Obturator internus bursitis is a possible cause of groin pain not responding to conservative line of management and MRI is the key to diagnosis.
Dr. Vaibhav Bagaria, Department of Orthopaedic Surgery, Sir H. N. Reliance Foundation Hospital, Mumbai, Maharashtra, India. E-mail: firstname.lastname@example.org
Introduction: Traumatic groin pain (GP) is frequently the result of acute trauma, often an indirect muscle injury. The most affected muscles in traumatic GP are the rectus abdominis, adductors, and iliopsoas. The obturator internus bursitis as a cause of GP is very rare.
Case Presentation:The present case describes a rare indirect injury of obturator internus bursitis in a 22-year-old male football player who reported GP that used to worsen with sprinting and change in directions. The pain was relieved with rest and sprinting at 80% capacity. The patient had been diagnosed clinically and on magnetic resonance imaging (MRI) as a case of obturator internus insertional tendinopathy with bursitis. His symptoms resolved after ultrasound-guided injection in the inflamed tendon sheath at its insertion point. After 2 years, the patient was followed up with a triumphant return to professional football with no recurrence and a good prognosis in a relatively short recovery time.

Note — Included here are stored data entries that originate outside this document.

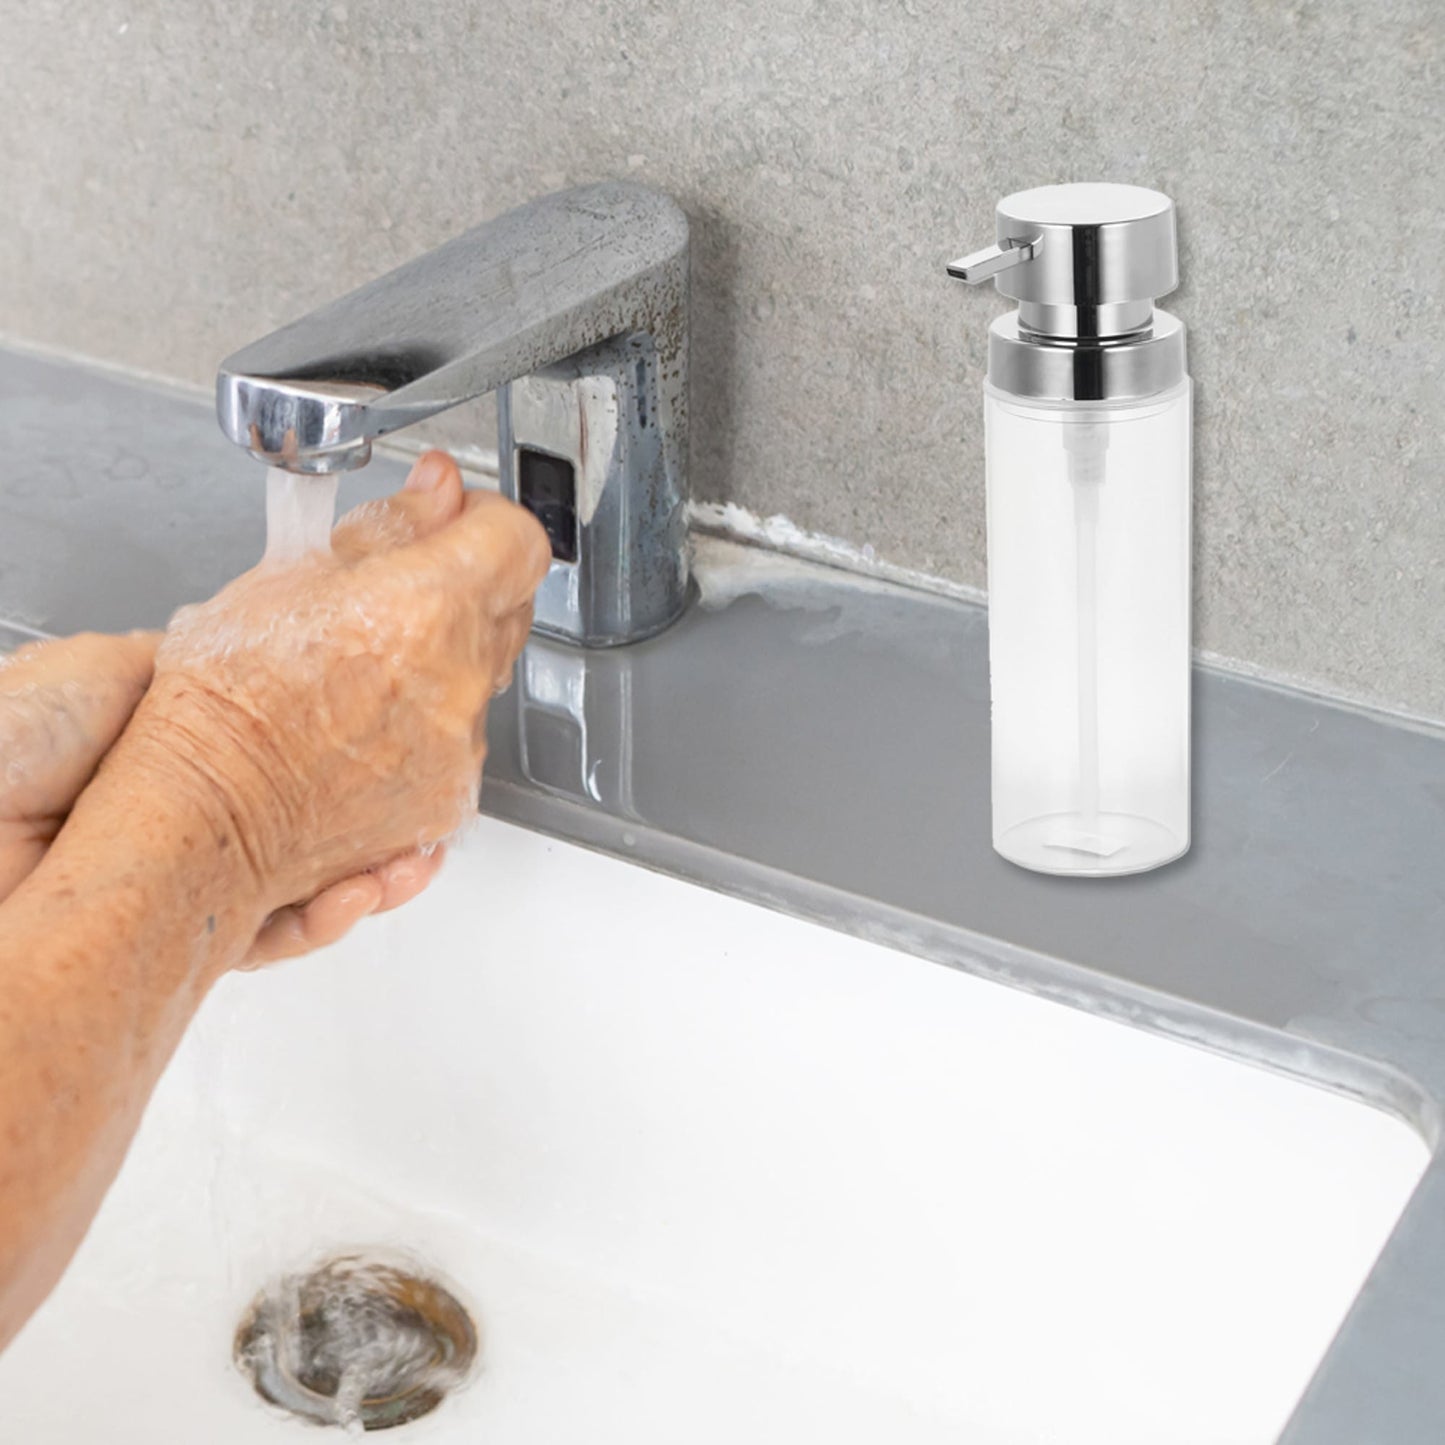 12 oz.  Cylinder Plastic Hand Soap Dispenser with Brushed Stainless Steel Pump, Clear
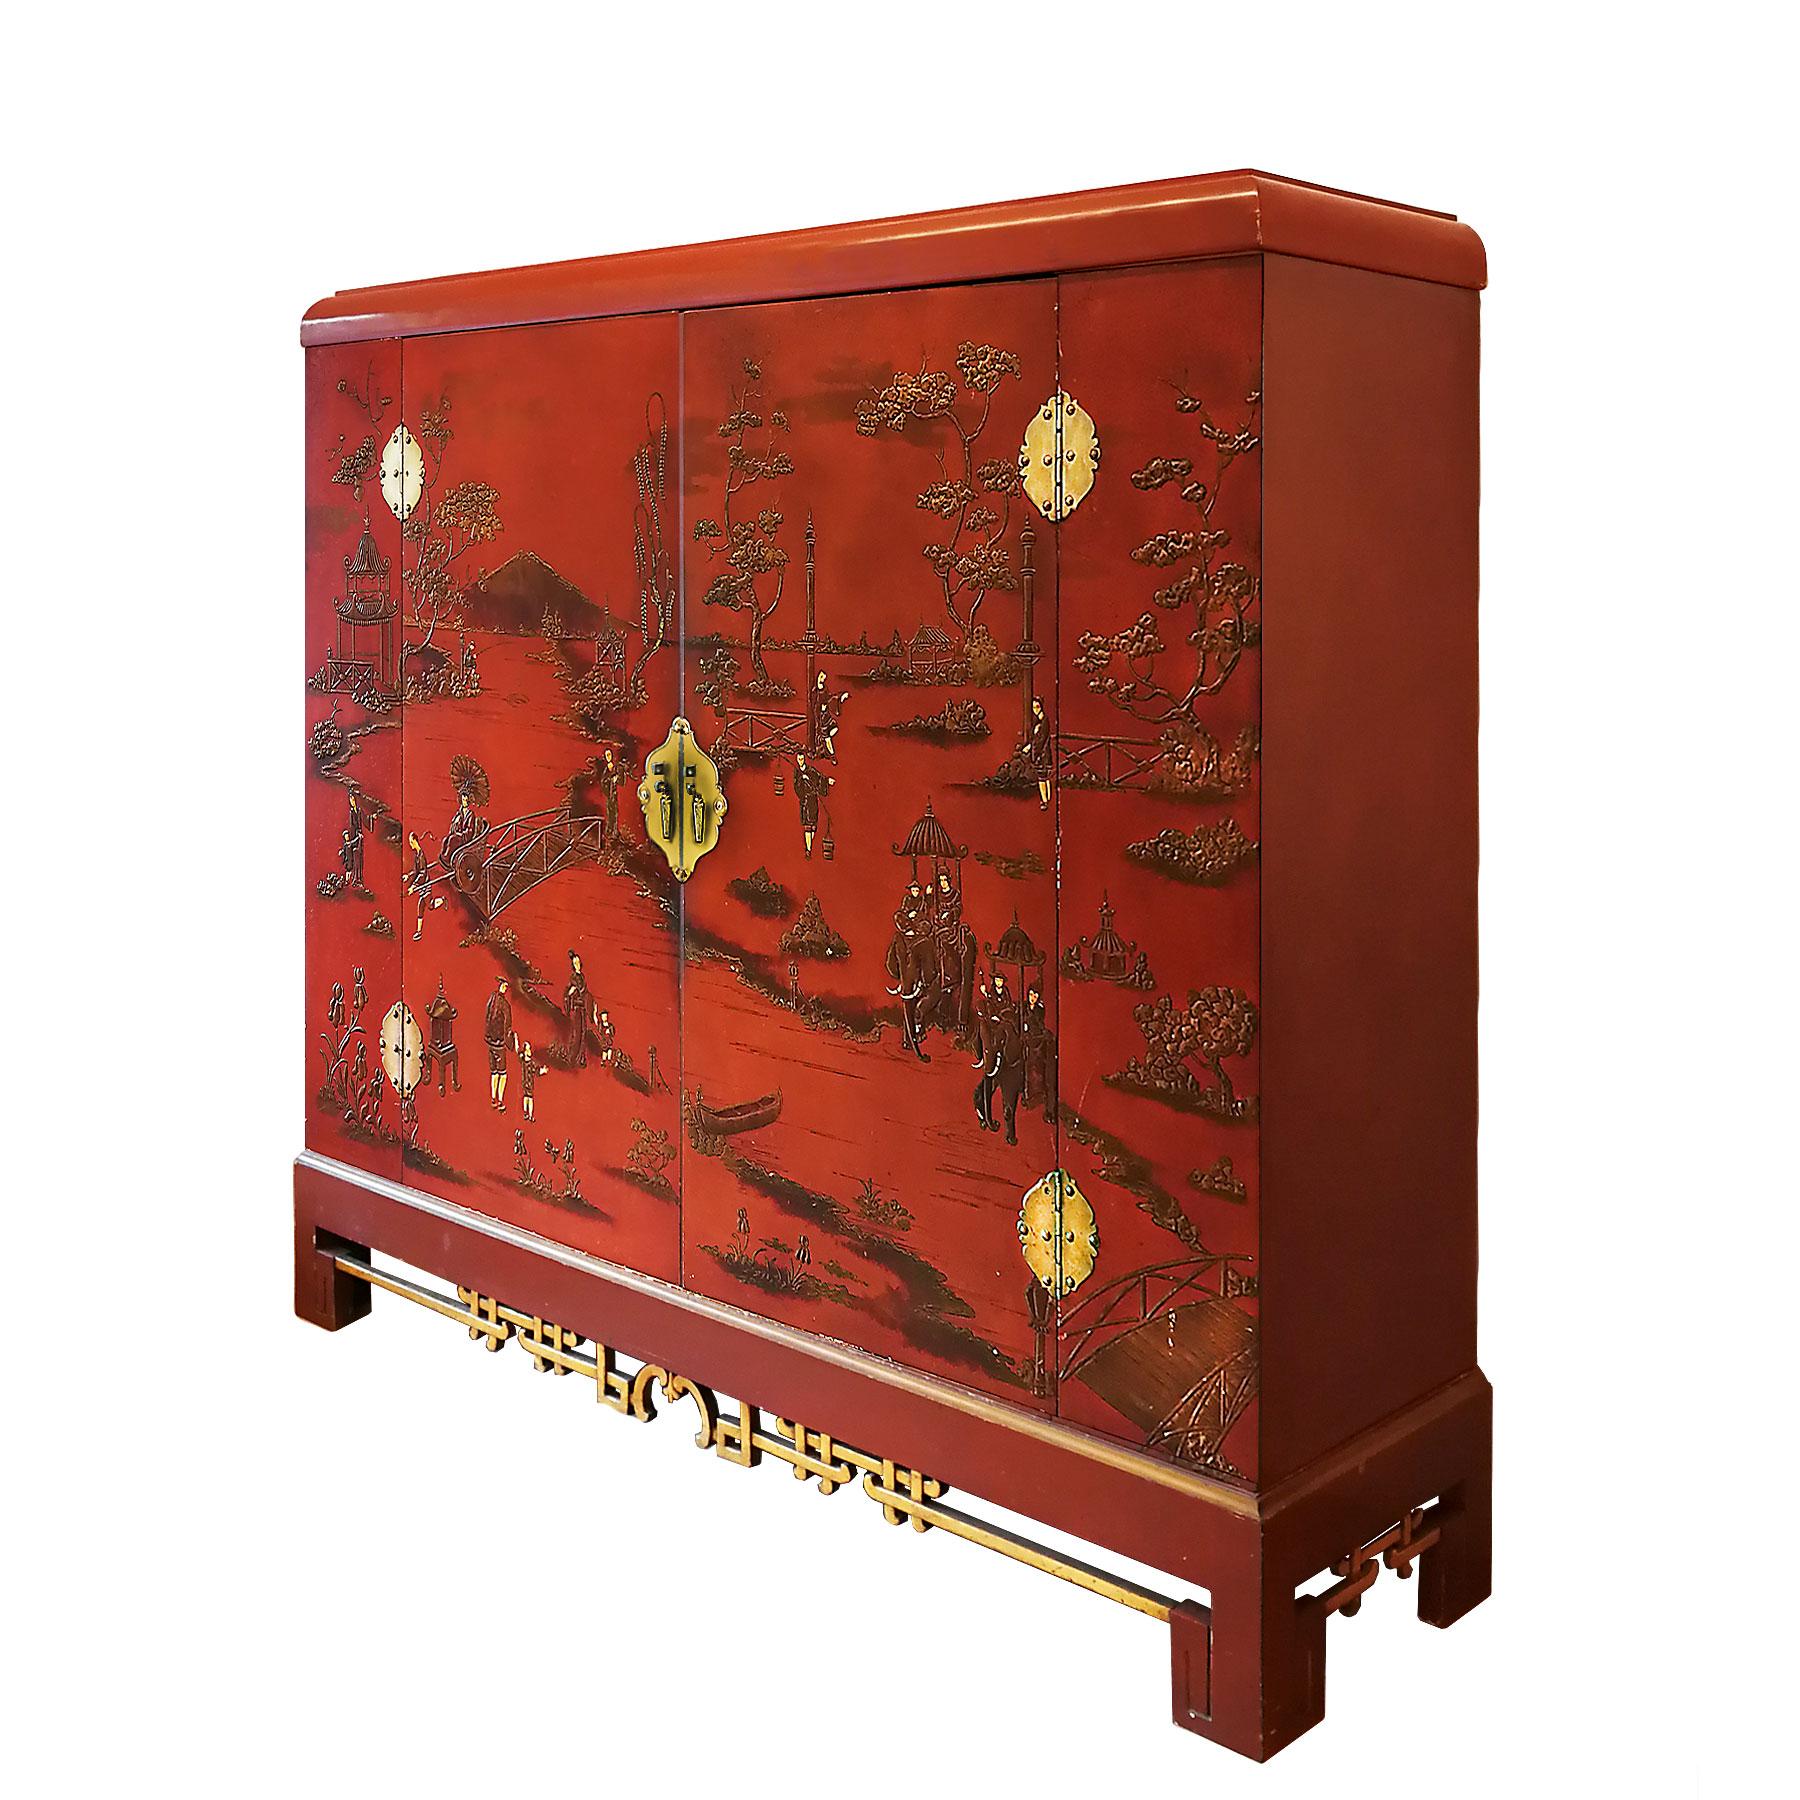 Large wardrobe, solid red lacquered wood with chinoiserie relief stucco and partially with golden leaf. Bird's-eye maple veneer inside and brass hardware. Can be completely dismantled. Original condition.
France, circa 1930.
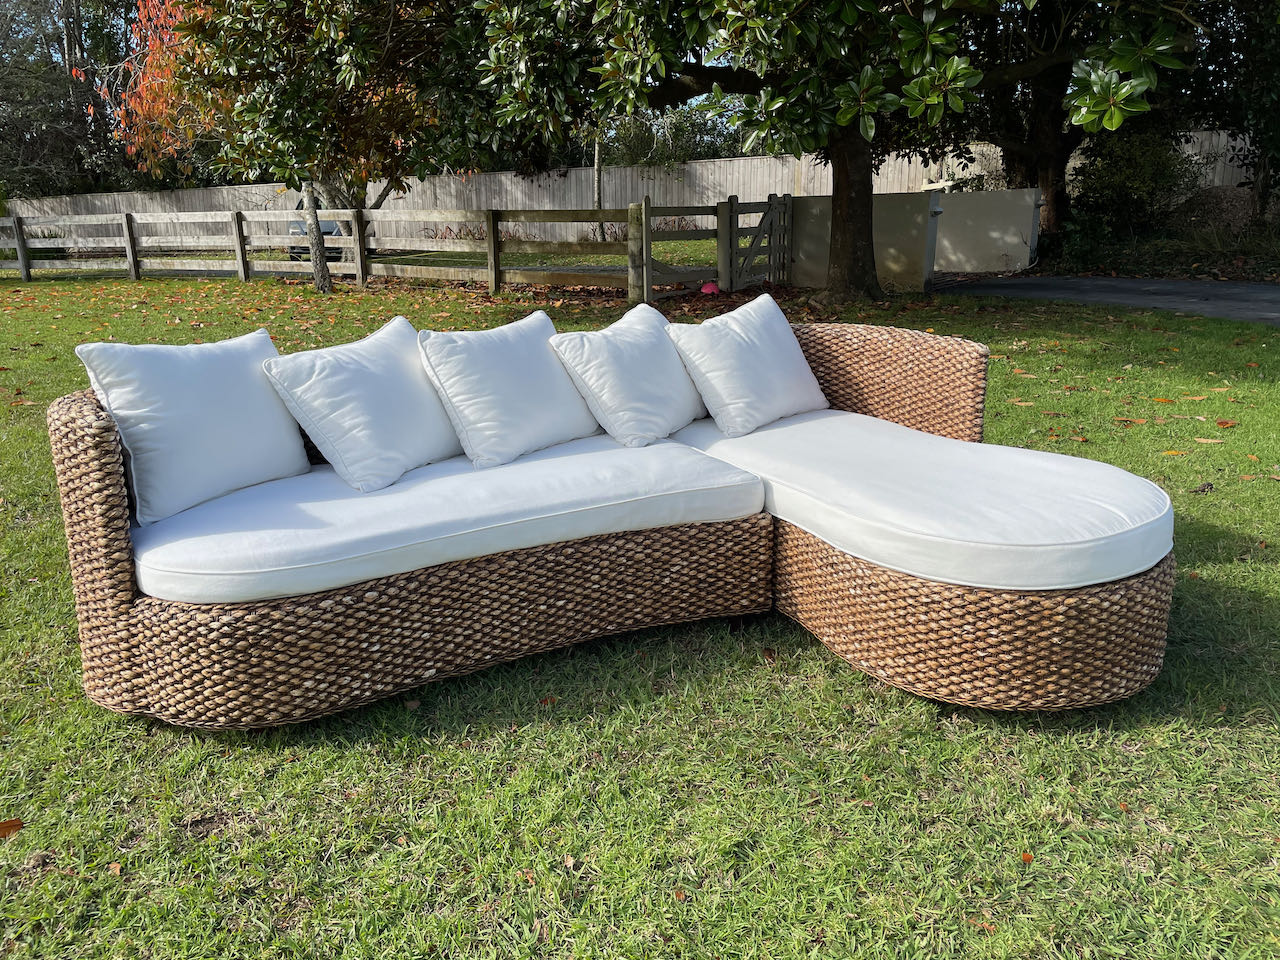 Two-Piece Cane Chaise Sofa, Seats: 4 - 7

Conclusion: Clinical diagnosis of obturator injuries is often tricky. GP not responding to conservative management presents a unique challenge to the physician and the rehabilitation team. MRI must follow the radiological investigations and ultrasound if the reports were inconclusive of the diagnosis. In the present case study, the usual causes of such pain (osteitis pubis, and adductor muscle strains/tendinosis) were ruled out, and a specific unique condition was diagnosed with the help of the MRI.
Keywords: Bursitis, groin pain, magnetic resonance imaging, obturator internus.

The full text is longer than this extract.